Business

Bank of England 'should consider fresh cash injection'

Bank of England
Image caption The Bank may need to do more than just keep interest rates low, Mr Posen said

The Bank of England should consider pumping more money into the economy to help the recovery, according to a monetary policy committee (MPC) member.

External member Adam Posen advocated resuming the policy of quantitative easing (QE), under which the Bank has already pumped £200bn into the economy.

But one of his fellow MPC members, Andrew Sentance, has said there is no need for such a monetary boost.

Mr Sentance has called for a rate rise in the past four MPC meetings.

'Self-fulfilling prophecy'

In a speech to the Hull and Humber Chamber of Commerce, Mr Posen said that low interest rates and stimulus measures by the Bank would not secure the recovery on their own, but they did have an important role to play.

"Policymakers face a clear and sustained uphill battle, in which monetary easing has an ongoing role to play," he said.

"The risks that I believe we face now are ones of sustained low growth turning into a self-fulfilling prophecy.

"Inaction by central banks could ratify decisions both by businesses to lastingly shrink the economy's productive capacity, and by investors to avoid risk and prefer cash."

Many economists expect growth to slow in the coming months as a result of government spending cuts.
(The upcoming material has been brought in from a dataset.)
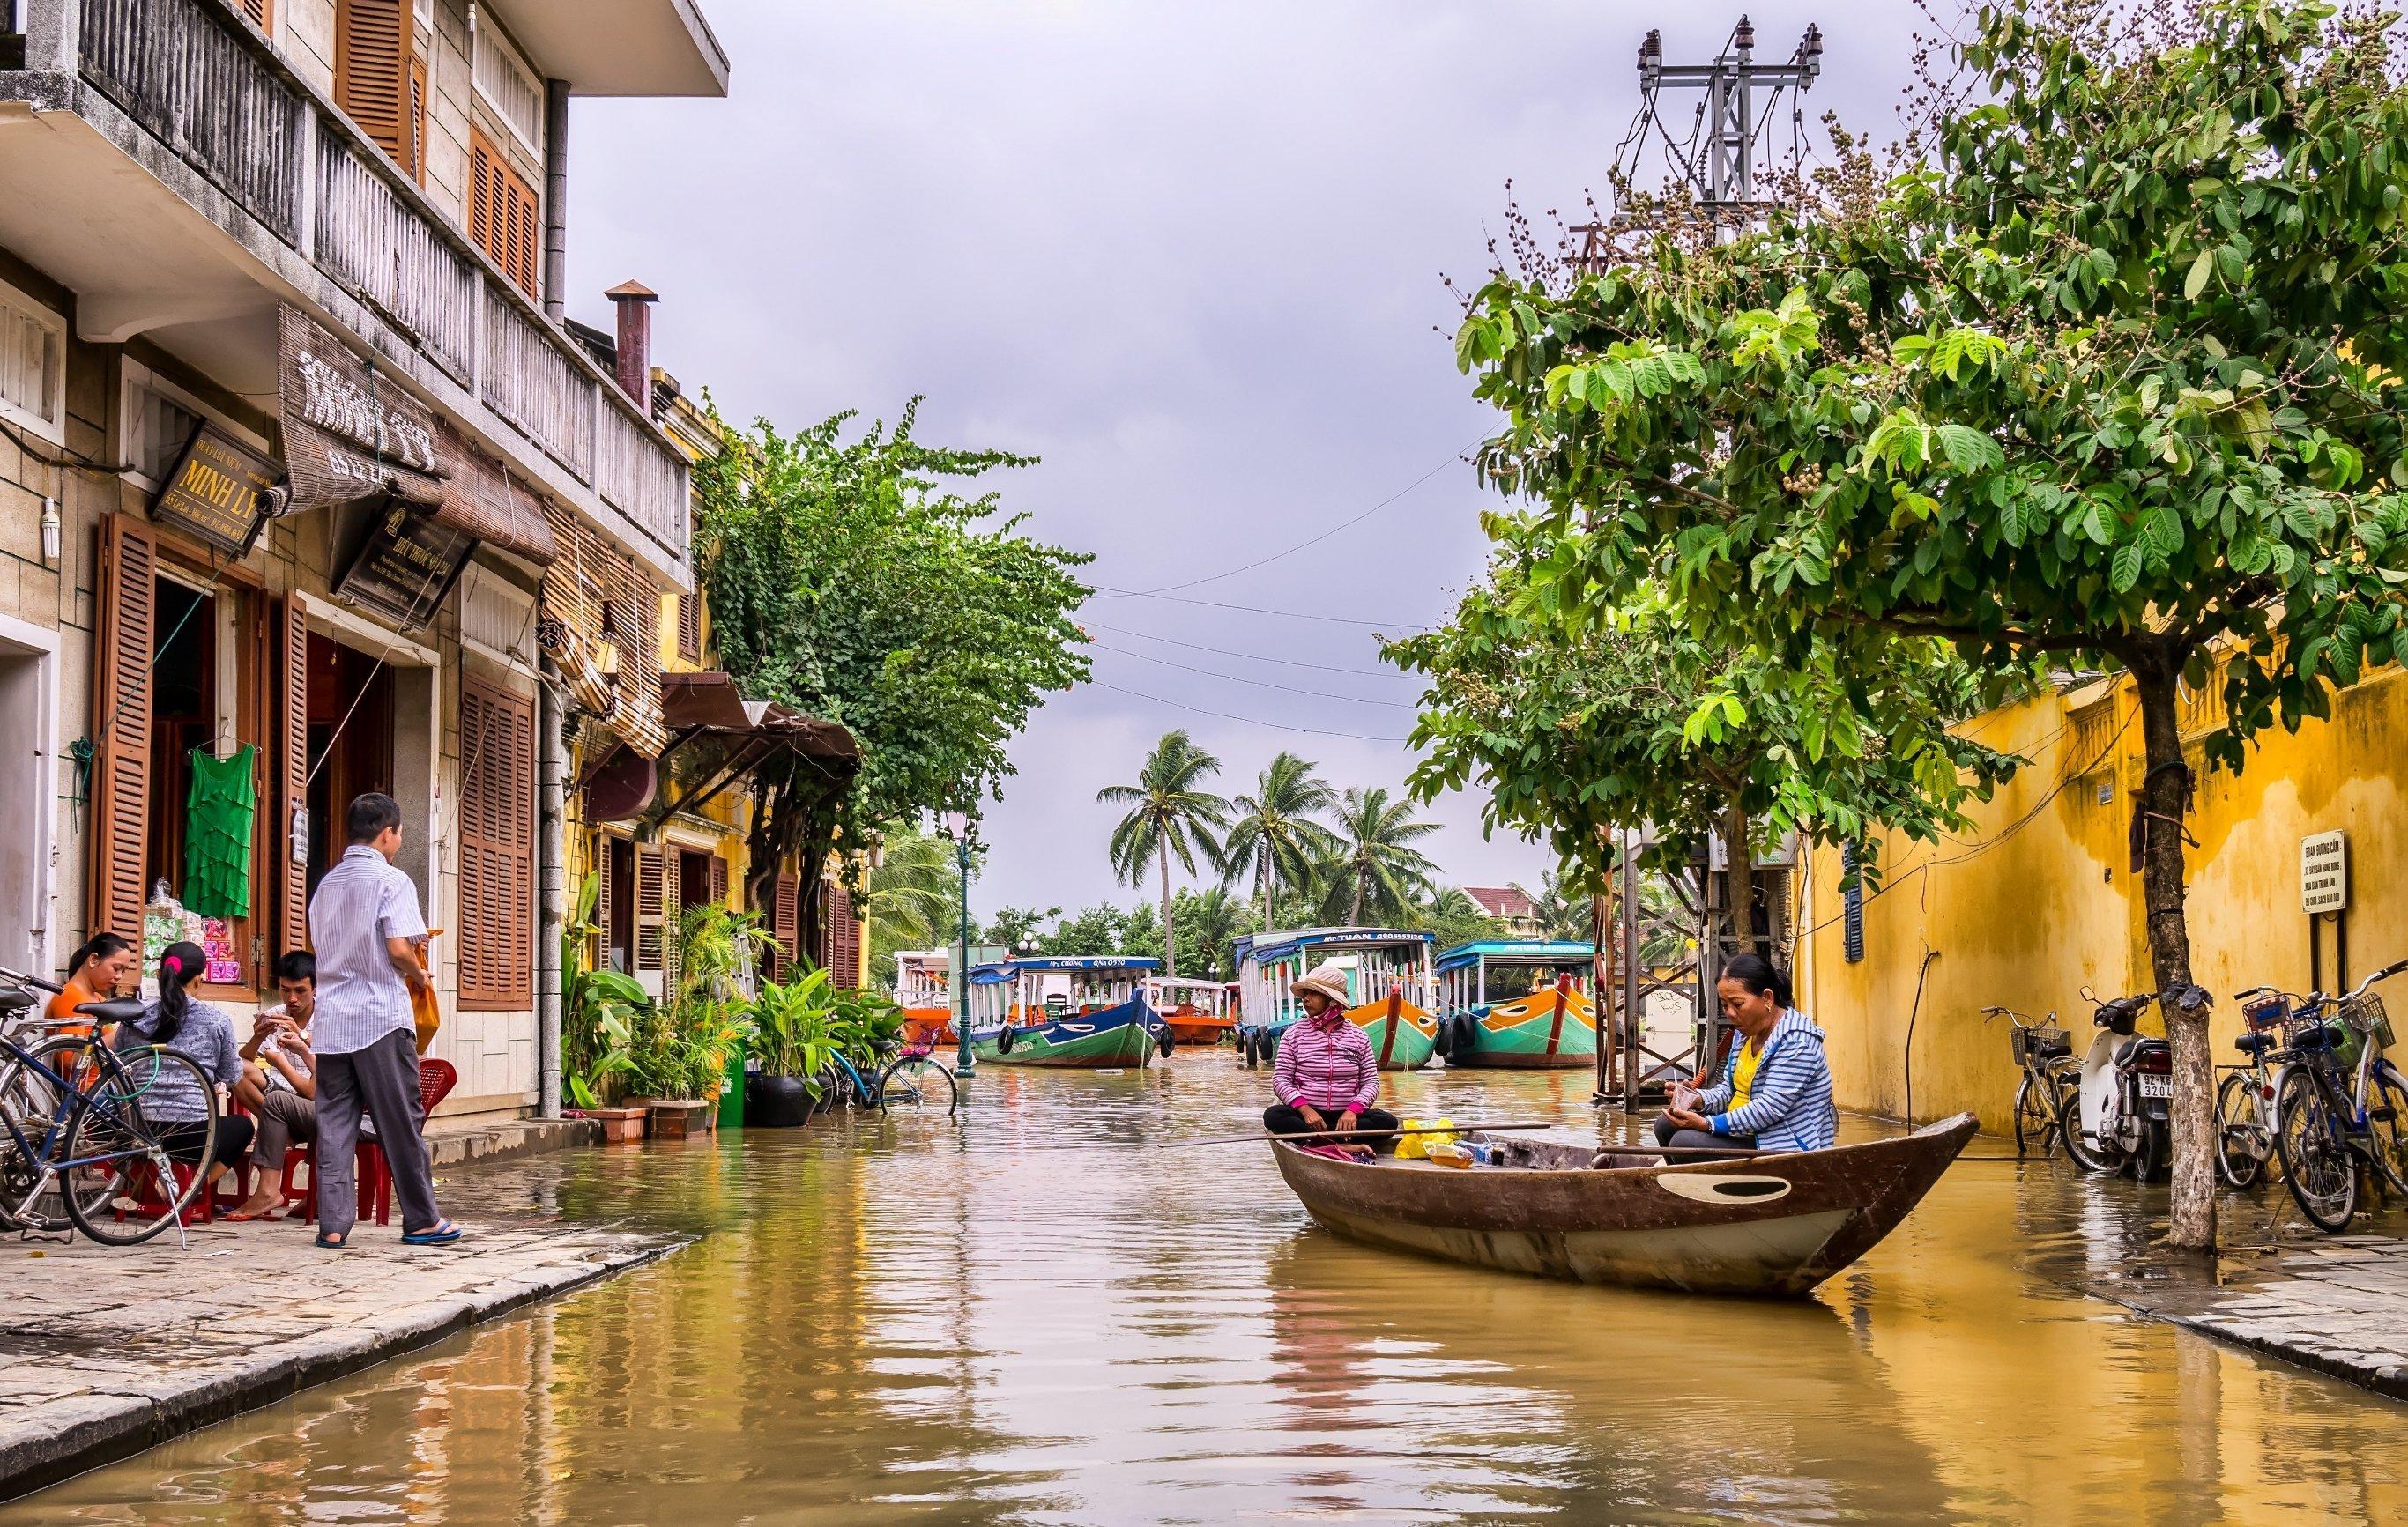 4-Day Hoi An Ancient Town & Beach - Vietnam Itinerary

The government will detail its cuts, designed to reduce the budget deficit, next month.

Mr Posen argued that sustained high inflation was not a threat, leaving the way open for further injections of cash into the financial system through QE.

"I believe that if we were to loosen monetary policy further, it must primarily take the form of large scale asset purchases," he said.

Changing interest rates, or making commitments to keep them low, would only have a marginal impact, he argued.

Mr Posen admitted that his speech, which BBC economics editor Stephanie Flanders described as "unusually forthright", was likely to trigger considerable debate within the MPC, which voted to keep policy unchanged at its most recent meeting.

Mr Posen's speech comes after the US Federal Reserve indicated in its most recent statement that it was open to the possibility of further stimulus measures for the US economy.

Rate debate

Fellow MPC member Andrew Sentence has consistently highlighted the risk of inflation, and has voted to raise interest rates in the past four MPC meetings.

And in an interview with the Nottingham Post newspaper, Mr Sentance said there was "no need" to restart QE.

"I actually think we should be preparing the ground for gradually increasing interest rates in a measured way to reflect the fact that the economy has improved and the inflation situation is not where we would like it to be," he said.

The latest inflation figures showed the Consumer Prices Index inflation at 3.1% in August, above the government target of 2%.

"Doing more QE would give the wrong impression on the state of the economy. We need to create a perspective of getting back to normality," Mr Sentance said.